По каждому пустяку, например, за опоздание на поверку, сажали в карцер. Среди заключенных жен было много работников искусства, артисток, балерин, певиц. Из них организовывали такую самодеятельность, которой могла позавидовать любая столица. Газеты, радио были запрещены, но новости все равно проникали в лагерь разными путями. Так, например, на Долинской сельскохозяйственной опытной станции, где было выведено множество устойчивых к суровым условиям Казахстана сортов с/х культур (просо Долинское и др.), кроме заключенных, работали вольнонаемные. Оттуда приходили к маме точить какие-нибудь детали и приносили прочитать газету.
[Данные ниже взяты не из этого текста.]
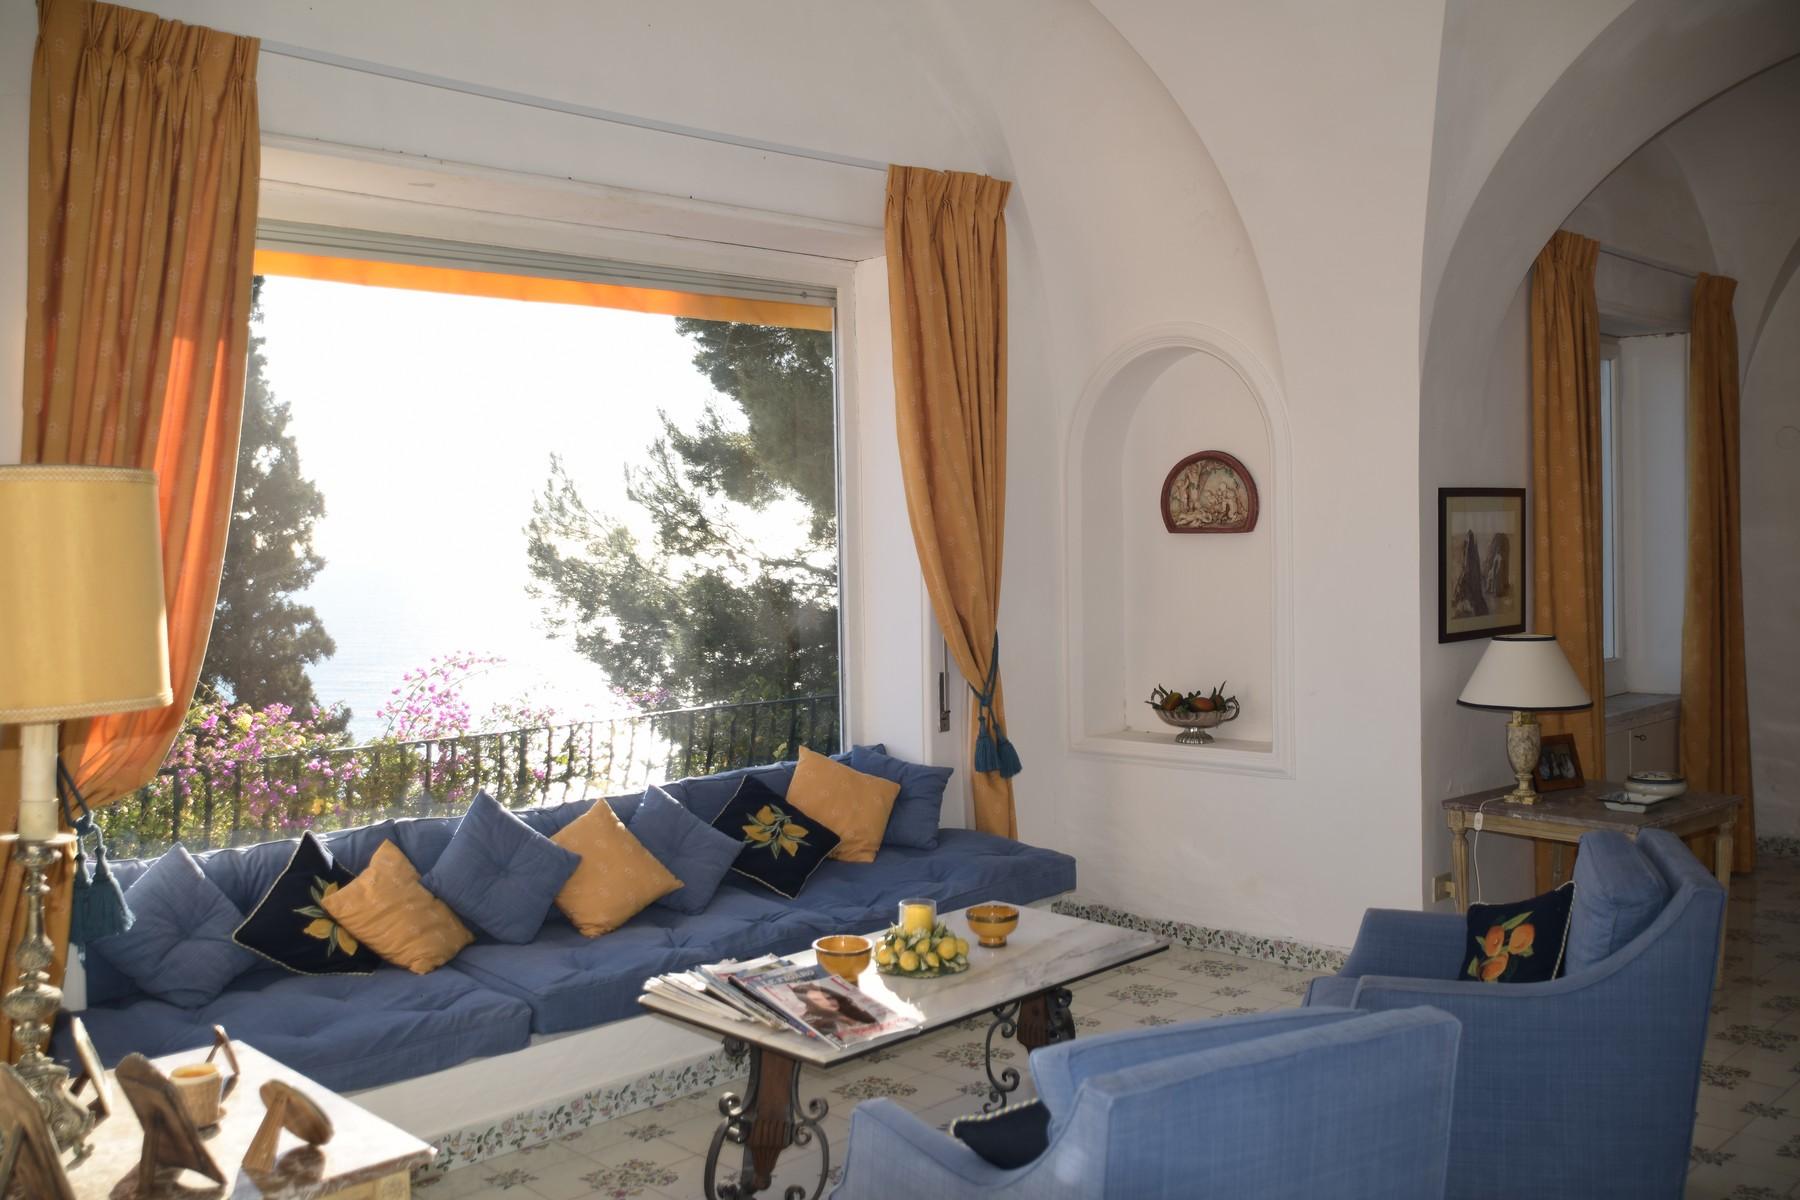 Additional photo for property listing at Beautiful villa in Capri overlooking the Faraglioni Capri, Naples Italy
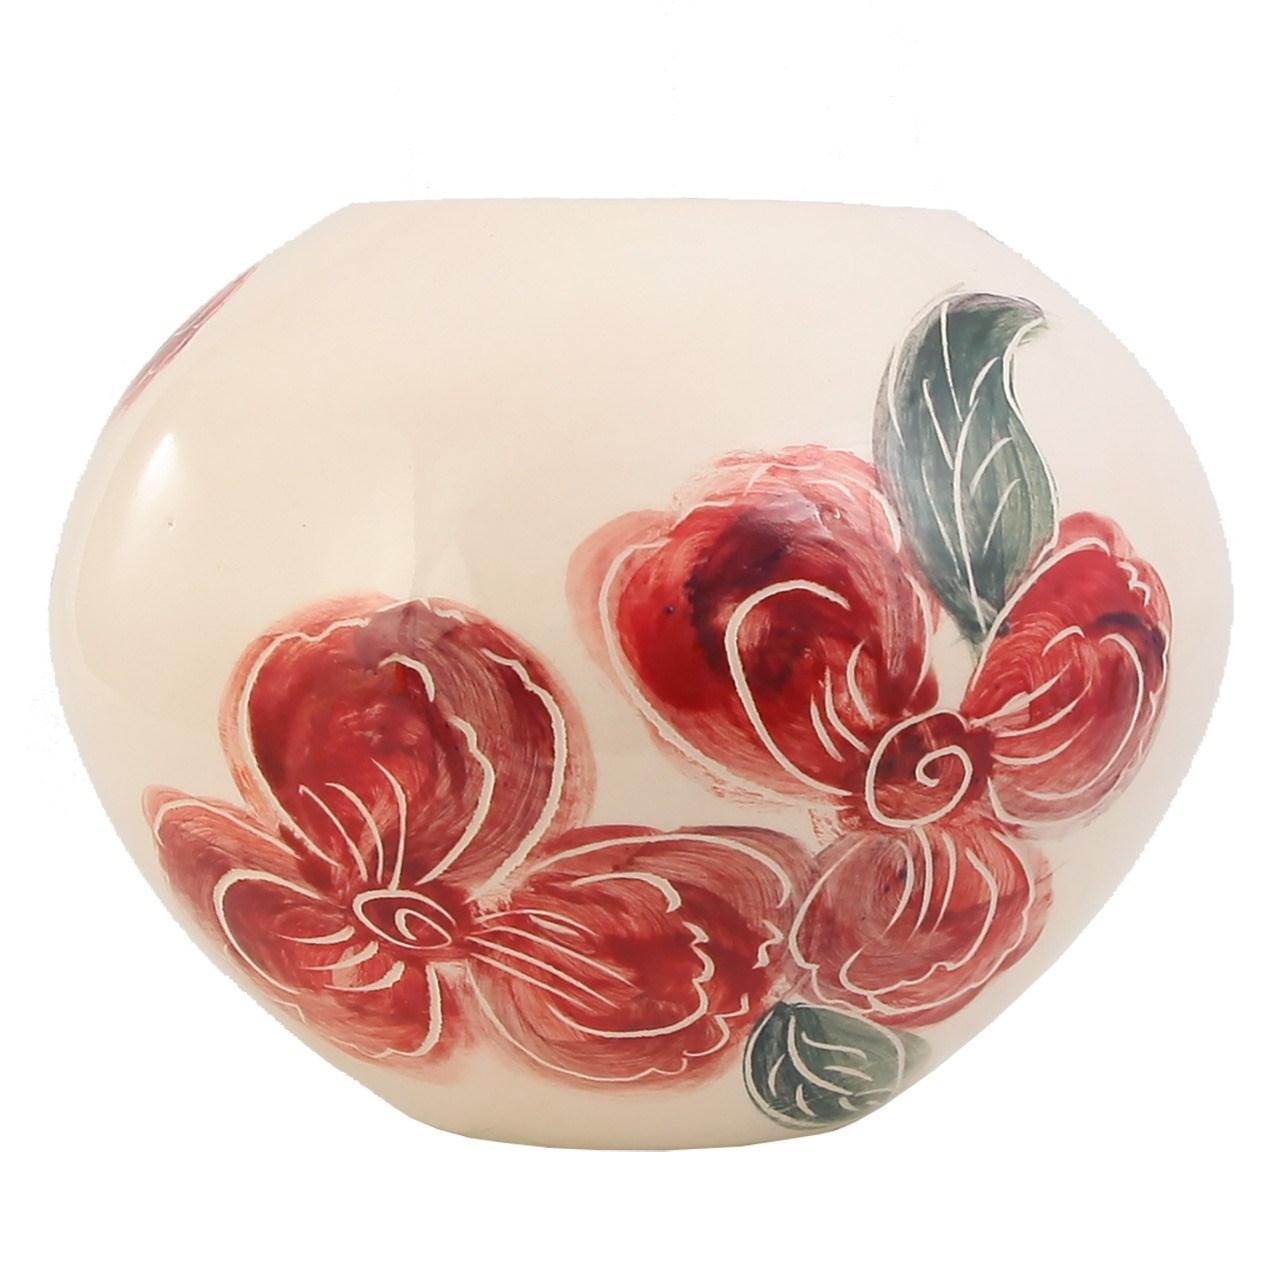 گلدان سرامیکی گالری فرتاش طرح گل صورتی کد171031

Мама прочитывала газету в туалете, а затем новости распространялись по беспроволочному телеграфу. Несмотря на тяжелую работу, плохое питание, оторванность от родных и близких, все жили верой и надеждой на скорое освобождение, на победу, на то, что скоро все выяснится и их признают невиновными».
Валентину Григорьевну Вагрину тоже использовали, как всех, больше на сельскохозяйственных работах – она убирала пшеницу и роясь на полях, переворачивала промокшее от дождей зерно на токах для сушки, доила коров… Однажды к ней подошла невысокая женщина в очках с толстыми стеклами, представилась: «Эстер Паперная, писательница». Показывая на черные узловатые пальцы актрисы, она сказала:
– Вам ли, Вава, звезде нашего театра и кино, в этом дерьме возиться? Вы должны петь… Я скажу о вас в культурно-воспитательной части Долинки.
И вот благодаря заступничеству Эстер Паперной Валентину Григорьевну Вагрину переводят в так называемый крепостной театр. Она опять играет заглавную роль в «Принцессе Турандот», радуя своим талантом и вольных, и невольных зрителей. Вечером в своем бараке она вспоминает, как ее племянник Эдуард ходил на репетиции и спектакли в театр имени Вахтангова, обязательно заглядывая к ней в гримерную с букетиками цветов. Весной это были ландыши, а летом – красные и белые розы. Эх, Эдик, Эдик… Увидел бы он ее сейчас в зэковском клубе имени Кирова под конвоем солдат с овчарками! Почему так по-разному складываются судьбы людей? У Аллы Тарасовой тоже немало белых пятен в биографии, однако ее не тронули, продолжает играть в театре. Между тем брат Тарасовой, Евгений, служил в армии генерала Деникина в контрразведке. Ее сестра Лена бежала от красных в эмиграцию, живет во Франции, в Париже. Но… Талант Тарасовой признал сам Сталин, посмотрев в 1933 году фильм «Гроза» по пьесе А. Островского, где главную роль – Катерину – сыграла Алла. В 1937 году Сталин побывал на премьере спектакля «Анна Каренина» и еще больше убедился в том, что он не ошибся. Вскоре после этого Тарасовой было присвоено звание народной артистки СССР.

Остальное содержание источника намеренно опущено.